Broader Implications for Bitcoin
Consolidation of Bitcoin Ownership and Governance
As supply migrates from dispersed long-term holders to large, opaque allocators, ownership and influence over Bitcoin’s economic layer may become more concentrated. This consolidation could alter how large entities lobby on regulatory issues, sponsor infrastructure, or shape market microstructure through lending and derivatives. Over the next 3–5 years, governance debates around protocol changes, transaction censorship resistance, and market integrity will increasingly need to account for the incentives of these heavyweight holders.
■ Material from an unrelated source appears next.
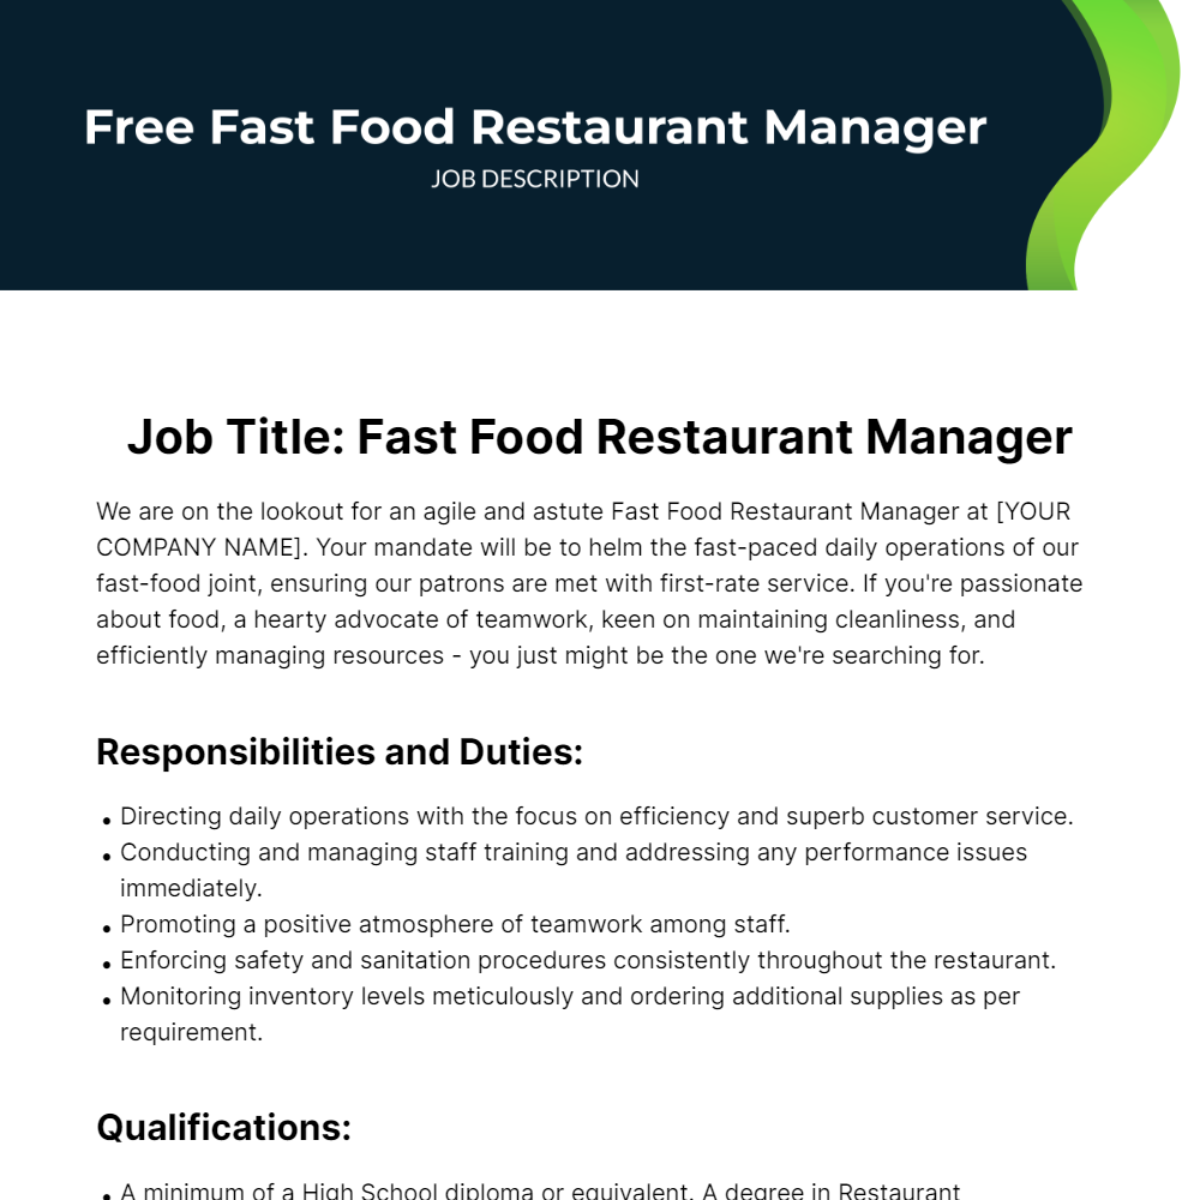 Fast Food Restaurant Manager Job Description Template

Stablecoins and Asymmetric Dollar Power
The framing of stablecoins as a “dollar dominance bill” points to a world where digital dollars penetrate jurisdictions without formal dollarization. In such an environment, Bitcoin will coexist with instruments that both strengthen the dollar’s reach and inject new forms of liquidity and collateral into global markets. Policymakers and analysts will need to consider how Bitcoin adoption interacts with stablecoin-driven dollarization, potentially creating feedback loops that reshape capital controls, local banking systems, and cross-border payment rails.
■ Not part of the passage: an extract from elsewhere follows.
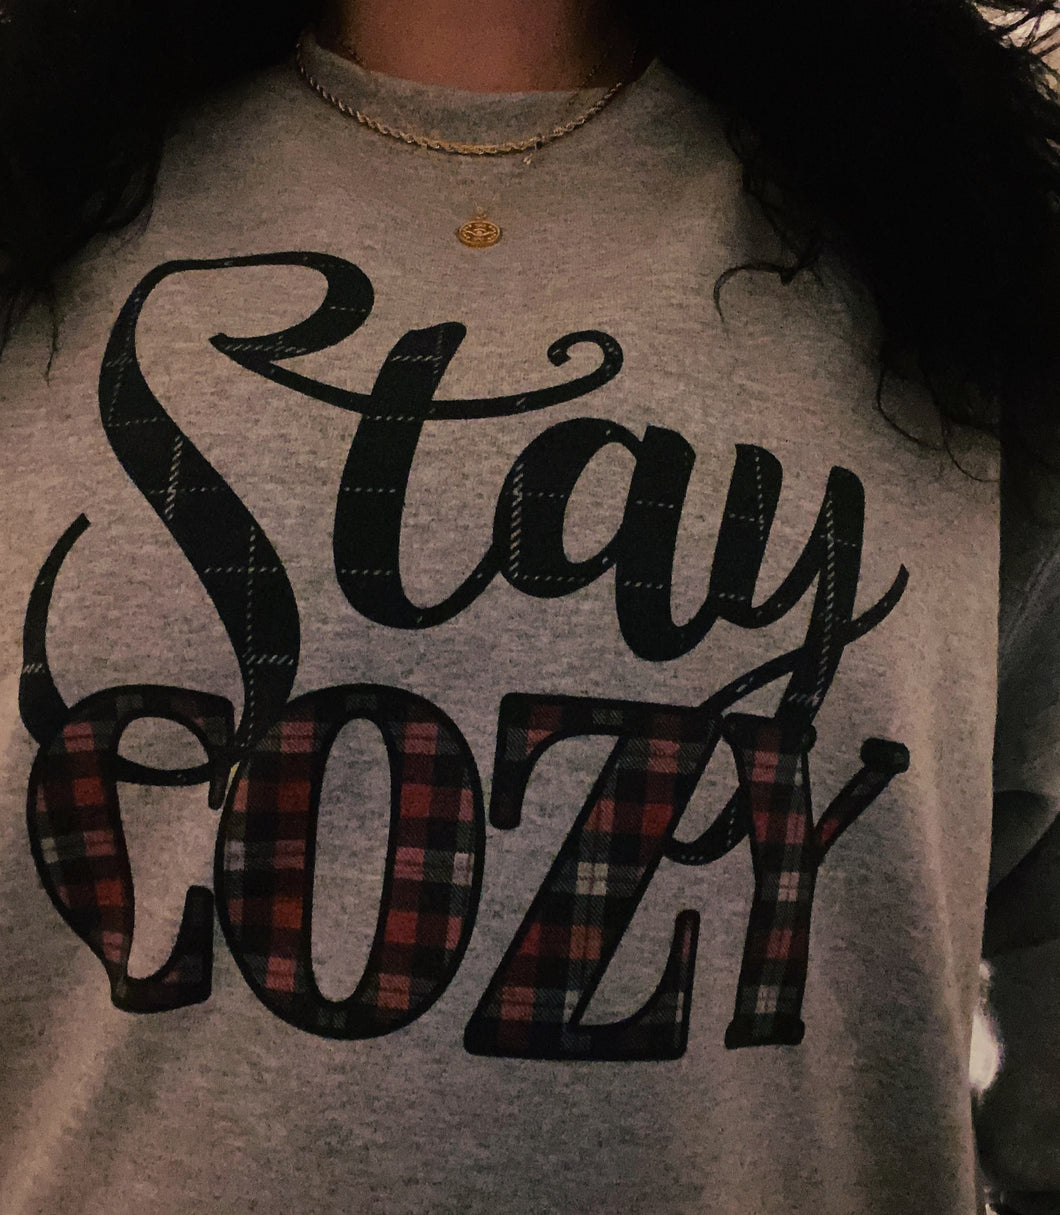 Stay Cozy

Repricing Risk in an AI-Driven, Collateral-Rich World
If AI equities represent a crowded, overfunded trade while short-term bills and stablecoins expand collateral capacity, risk may be mispriced across multiple asset classes at once. Bitcoin’s role as a fast-moving liquidity barometer could make it an early casualty when funding tightens, but also a prime beneficiary when central banks and treasuries reflate. Over a 3–5 year horizon, using Bitcoin alongside bond spreads, volatility indices, and credit markets as a composite stress gauge could become standard practice in institutional risk frameworks.
Redefining Corporate Bitcoin Exposure
The divergence between robust and fragile treasury vehicles implies that corporate Bitcoin strategies will increasingly be judged on balance sheet discipline rather than marketing narratives. Firms that treat Bitcoin as a core reserve asset with transparent leverage and funding structures may gain cheaper access to capital and more durable investor bases. As this differentiation plays out, regulators and exchanges may move toward clearer categories and listing standards for Bitcoin-exposed companies, with spillover effects on accounting norms and disclosure practices across sectors.
Toward a Multi-Asset Reserve and Settlement Regime
The envisioned Bitcoin–gold–dollar trifecta anticipates a monetary landscape where different assets specialize in liquidity, savings, and settlement functions. Bitcoin’s potential role as a high-grade settlement rail for large-value transfers could influence how regional blocs, commodity exporters, and multinational firms design payment networks and resolve disputes. Over time, the interplay between these roles may pressure existing institutions—from SWIFT to multilateral lenders—to adapt their infrastructure and governance to accommodate Bitcoin-linked reserves and transactions.